He then returns to the Cathedral of St. Philip, a spot where he will remain for four more hours to individually bless the runners. It is a spot that has been nicknamed "Jesus Junction."
He blesses the runners by sprinkling holy water on all who pass by. He has gained local celebrity status in Atlanta after blessing the AJC Peachtree Road Race for about 20 years. It’s a tradition that he plans to continue. “Hey, Sam!” runners call as they jog by.
He keeps his conversations short in order to bless as many people as he can. “Blessings to you and you and you!”
People respond with their own popular phrases. “Forgive me, Father, for I have sinned!” a dad wearing American flag shorts yells. A variation is heard from a middle-aged woman wearing a tutu, “Bless me, Father, for I have sinned!”

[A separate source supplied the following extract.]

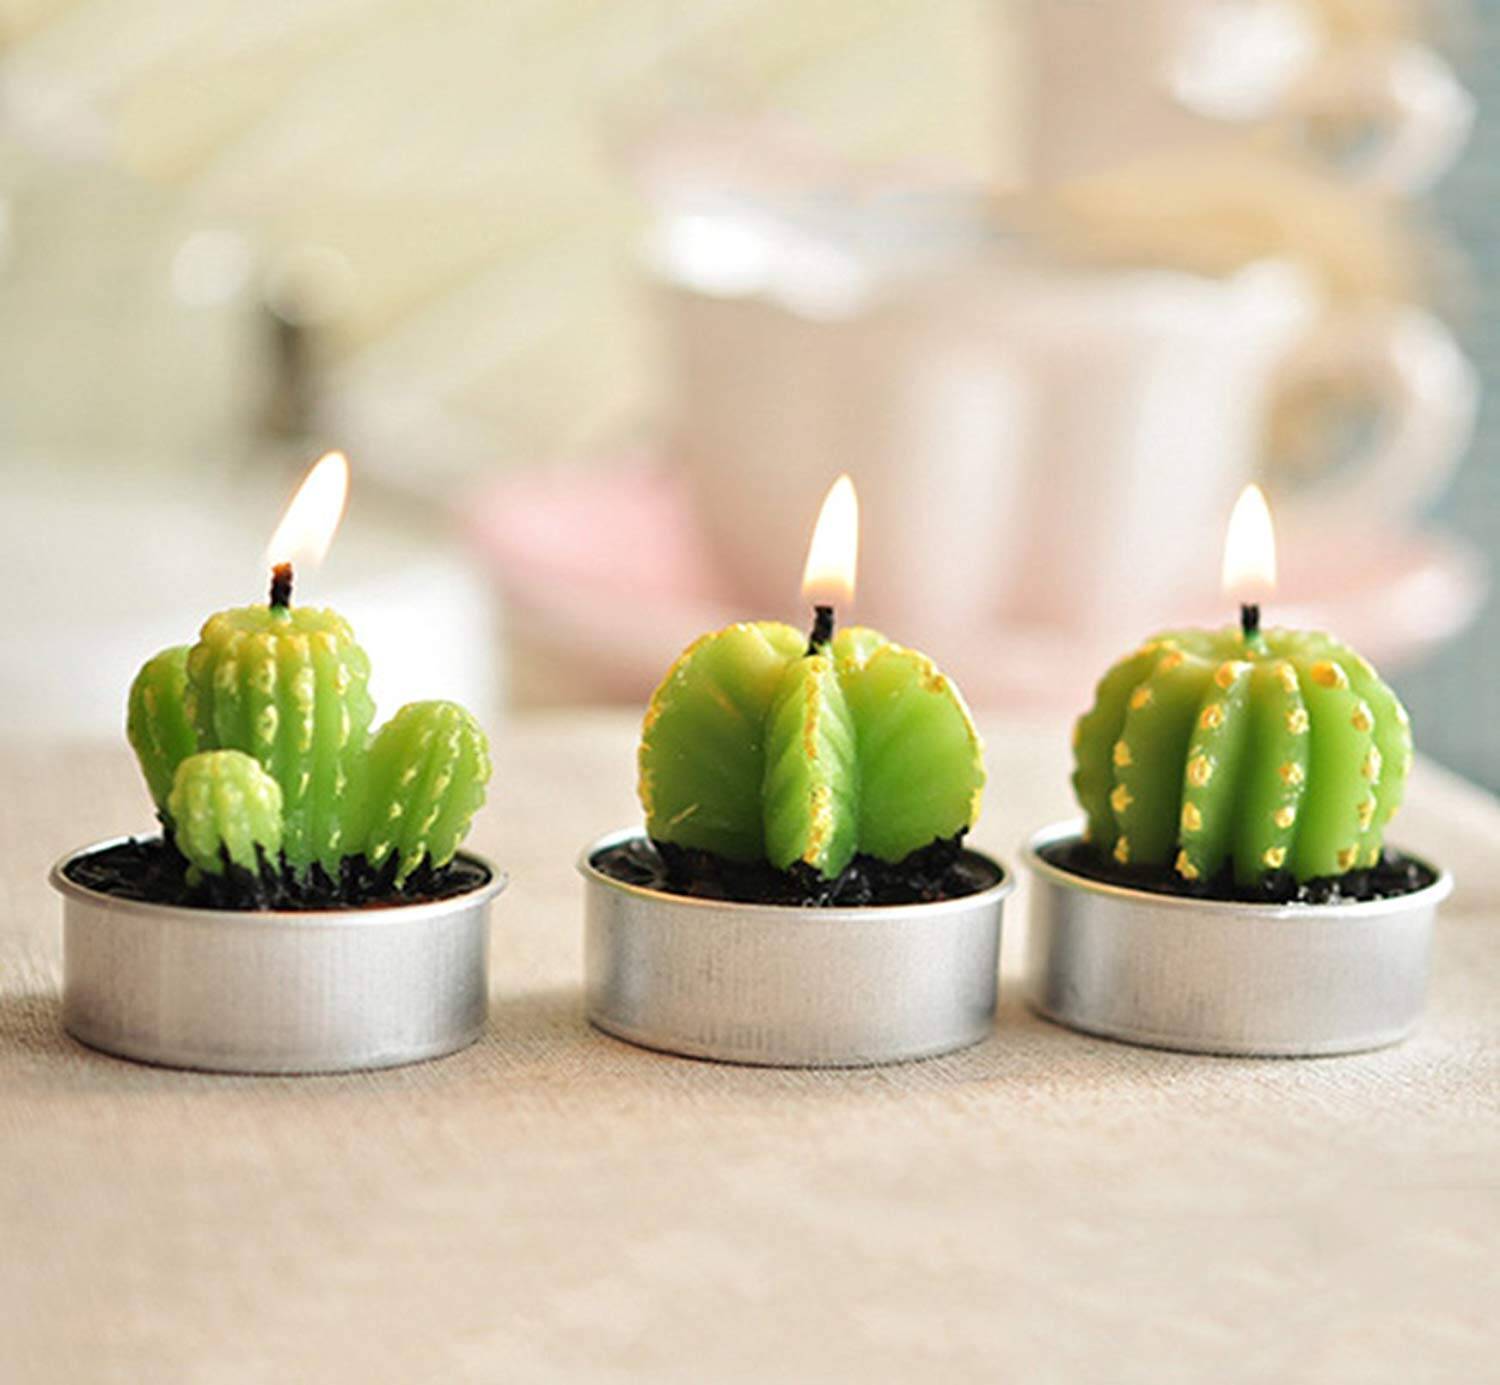 Cactus Candles - //coolthings.us

Candler doesn’t know what people think of him, but he does know people get a kick out of seeing a priest bless people on the side of the race.
“It burns!” Someone laughs as the holy water hits them. Runners come up to him to say, “I’m an atheist, can I be blessed?”
He responds with a smile, “Of course you can. Everyone can be blessed here on the Fourth of July.”
With all the disconcerting things going on in the world, he wants to touch humanity, regardless of background. He wants to be known as a blessing priest.
When Candler blesses with holy water, he believes that water is a sign that God refreshes us, and the connection to God is in the droplets of water that bind people together.
When he has that bond with people, he feels he is blessing the entire city on that day.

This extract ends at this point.